● Data below:
• • •

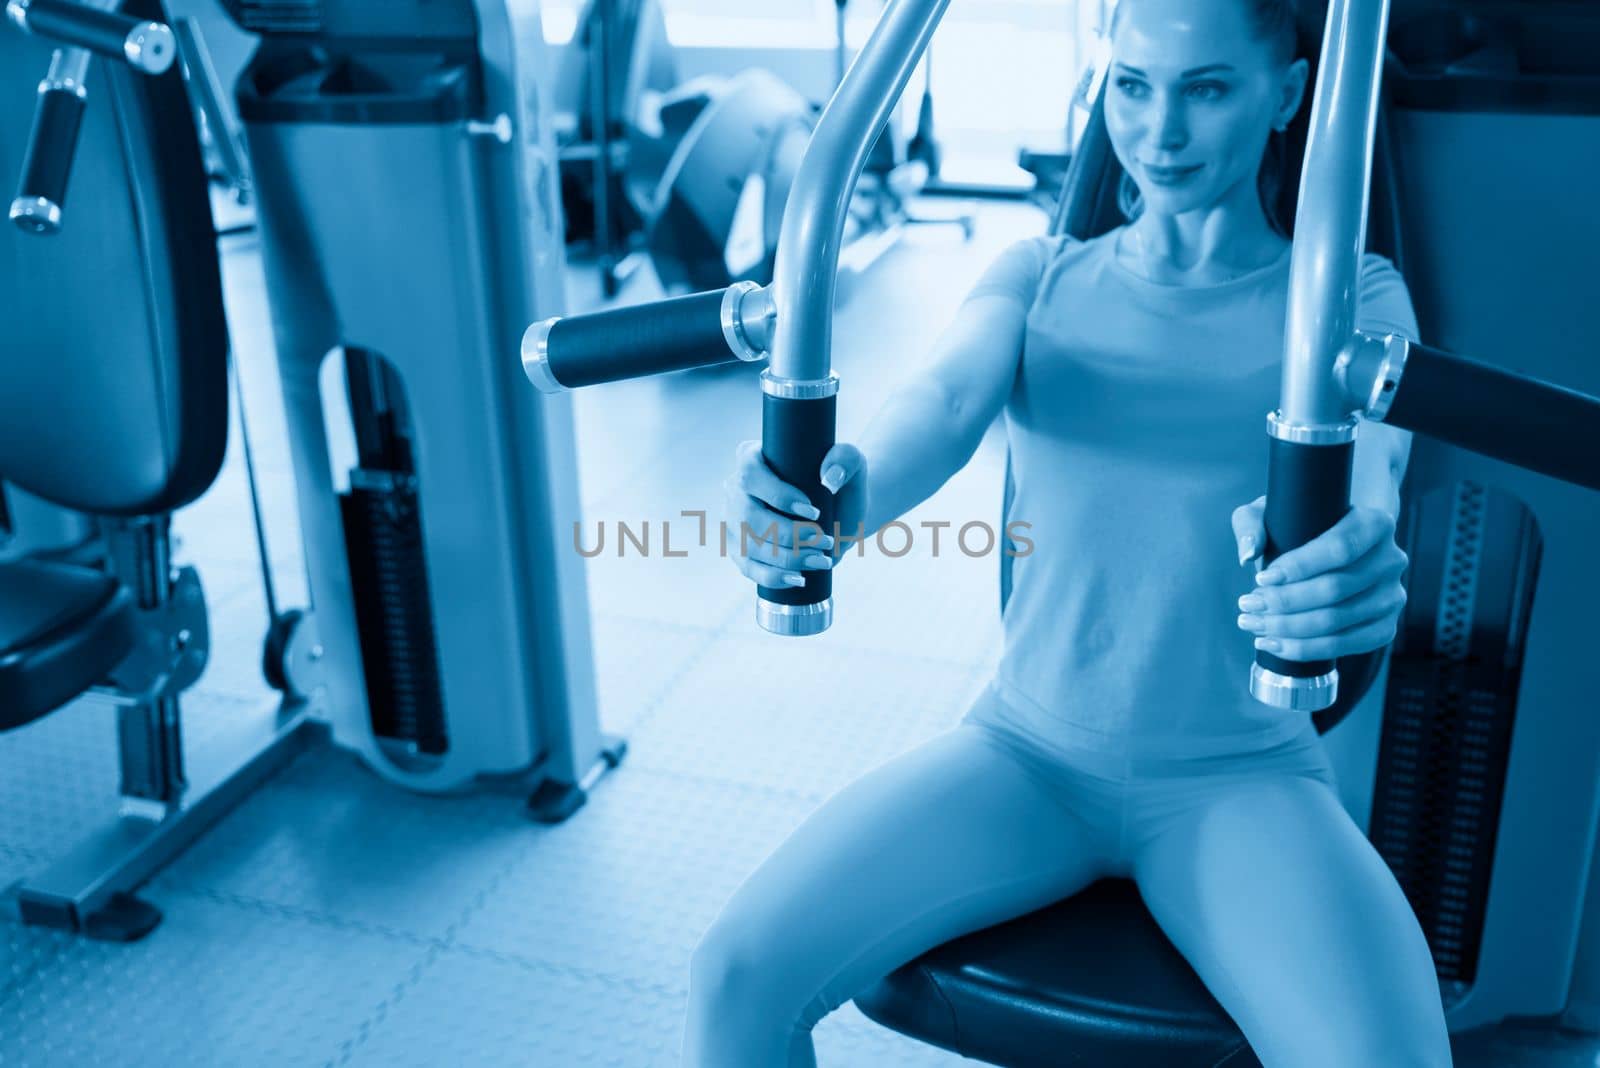 Torso portrait of Cheerful young adult caucasian woman working out on exercise machine inside gym by Mariakray
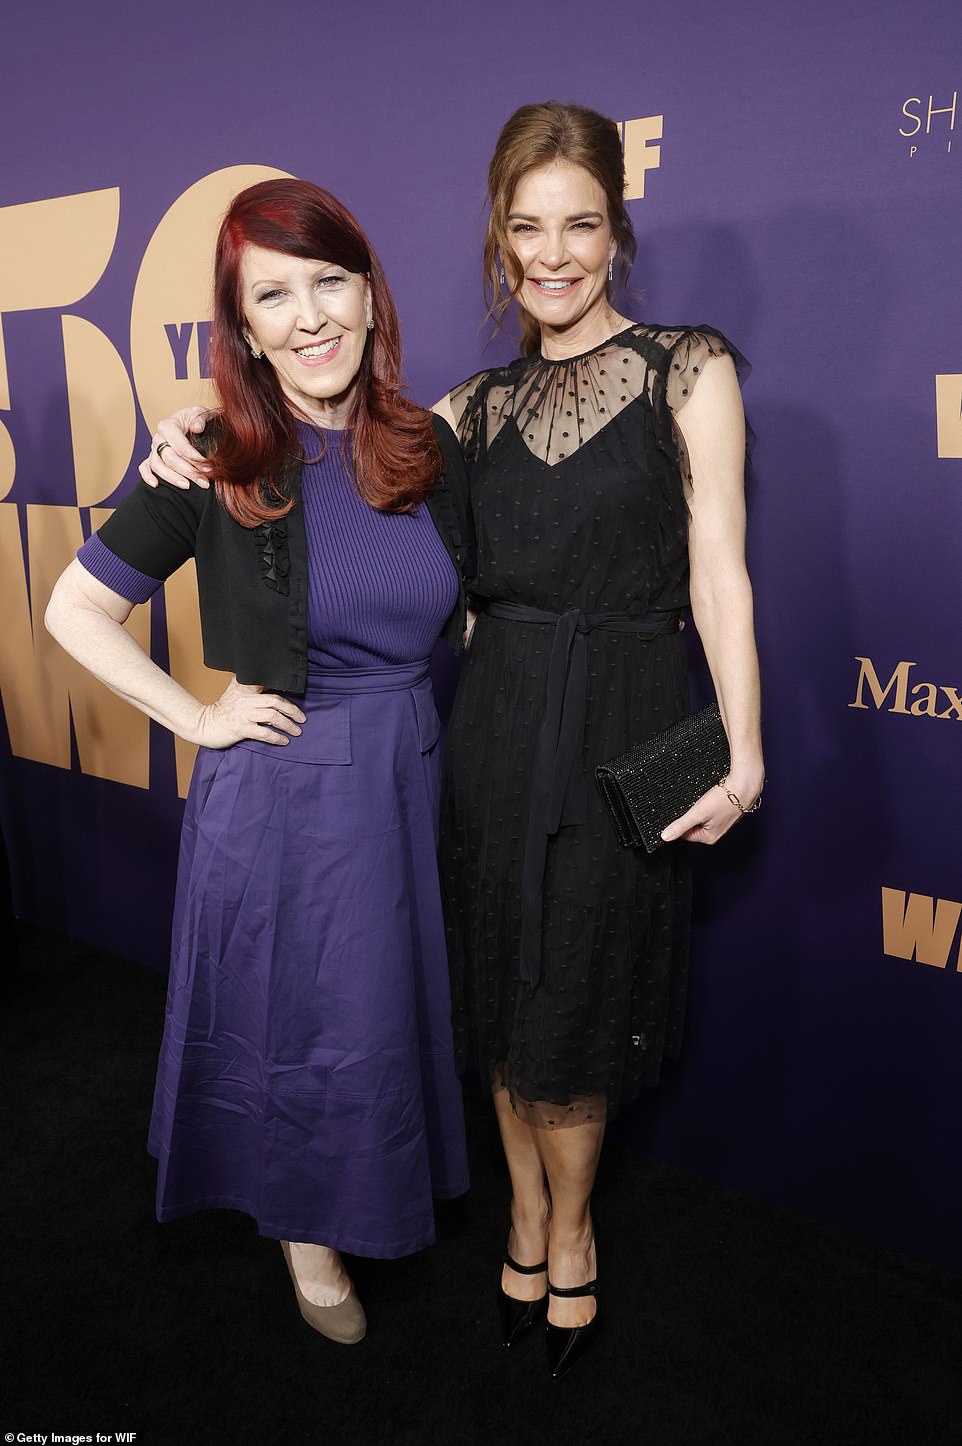 On the red carpet, Flannery was seen posing with Betsy Brandt ¿ who oped for a polkadot, all-black ensemble for the star-studded bash. The Breaking Bad star carried a sparkling clutch purse and sported pointed-toe Mary Jane heels
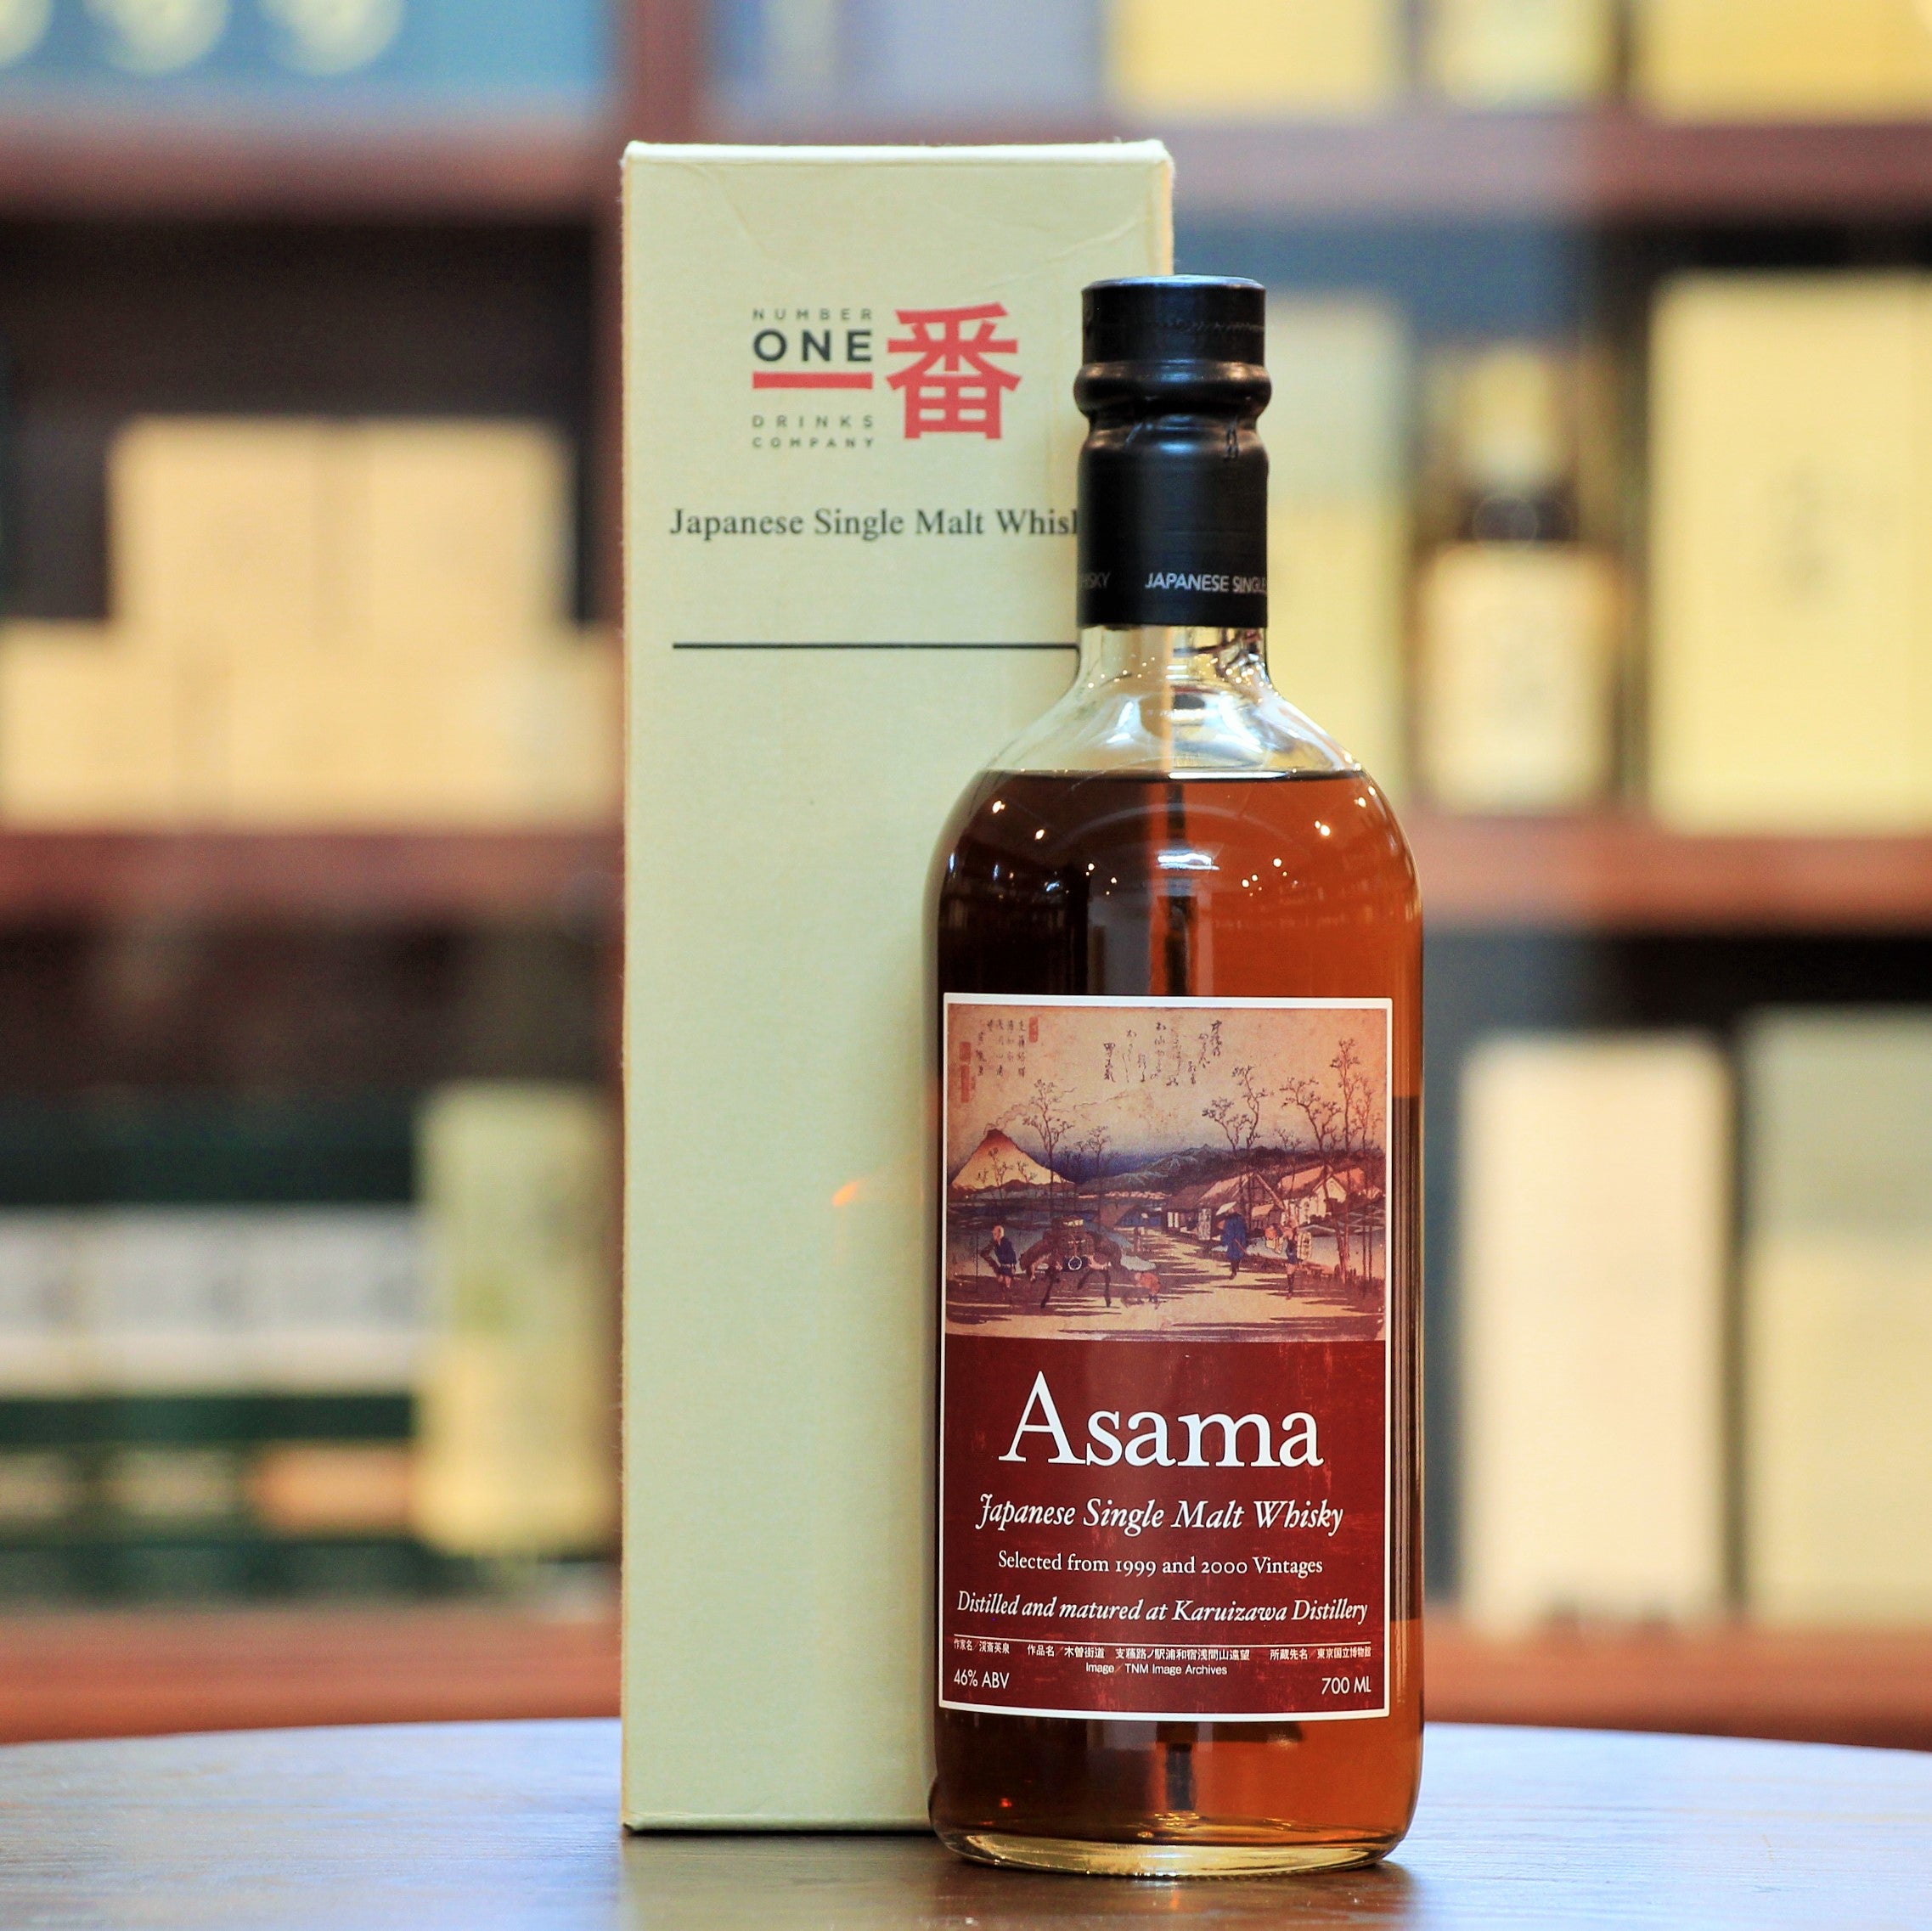 Karuizawa Asama Paper Label Vintage 1999-2000, Bottled in 2012,  this whisky includes the final vintages of Karuizawa in 1999-2000. Matured in European oak sherry casks.

• • •

● What the exercise asks:
Set the listing down again exactly, skipping each picture.

● Completed exercise:
 Torso portrait of Cheerful young adult caucasian woman working out on exercise machine inside gym by Mariakray
 On the red carpet, Flannery was seen posing with Betsy Brandt ¿ who oped for a polkadot, all-black ensemble for the star-studded bash. The Breaking Bad star carried a sparkling clutch purse and sported pointed-toe Mary Jane heels
 Karuizawa Asama Paper Label Vintage 1999-2000, Bottled in 2012,  this whisky includes the final vintages of Karuizawa in 1999-2000. Matured in European oak sherry casks.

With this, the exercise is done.